Former Swift Aire pilot Fred Driggs and Martha Estrada are greeted by friends after their wedding in 1982.
Former Swift Aire pilot Fred Driggs and Martha Estrada are greeted by friends after their wedding in 1982. Telegram-Tribune

Swift Aire, San Luis Obispo’s only homegrown airline, was a source of pride for the community and a pioneer in local aviation.

After 12 years of service, it went out of business in 1981. A combination of factors led to the airline’s closure, including airline deregulation, PATCO (Professional Air Traffic Controllers) strike, inflation, and an owner new to the airline industry, according to news accounts at the time.

Eight years after the airline folded, former employees gathered at Santa Rosa Park for a reunion. Almost half the former payroll of 300 attended, surprising Swift Aire founder, Charles Wiswell.
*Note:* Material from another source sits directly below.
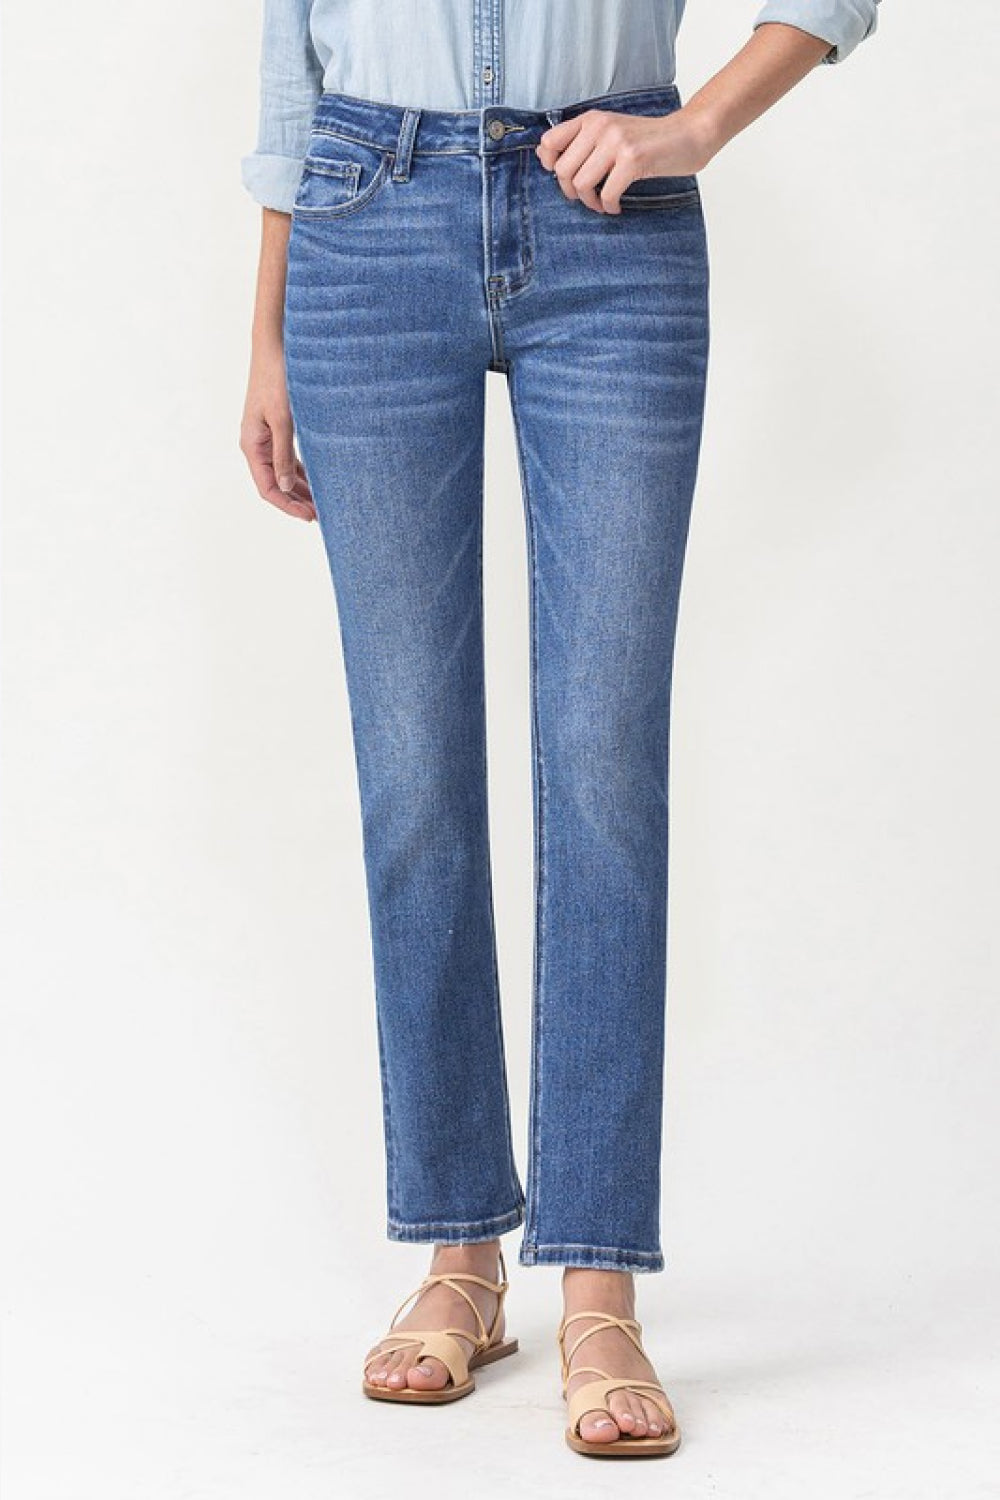 Lovervet Maggie Midrise Blue Denim Straight Leg Jeans LV1025

“Some of these people didn’t get their last paychecks,” Wiswell said in a 1989 article published in the then-Telegram-Tribune. “They could be bitter, but that spirit’s still there.”

Employees had fond memories of the airline, and at least one couple was married aboard a Swift Aire plane in 1982.

Fred Driggs, a former pilot for Swift Aire and Braniff International Airlines, married Martha Estrada in the Swift Aire plane Driggs flew until the airline shut down. After the ceremony, which actually took place on the ground, the couple sat in the cockpit as the plane — a 1954 British-made DeHavilland Heron — taxied down the runway.

As for Wiswell, he died in 2000 in a crash while flying a Cessna 340A in the fog. He was 78 and had been working for the California Transplant Donor Network.

In an article published about the crash, Wanda Strassburg, a pilot who worked with Wiswell as the company’s vice president of marketing, said, “Swift Aire came to us long before other people would have discovered the need here.”

“He really created a need for its existence, and when other airlines saw the types of service and support the company provided for us, they were very anxious to take Swift Aire’s place here.”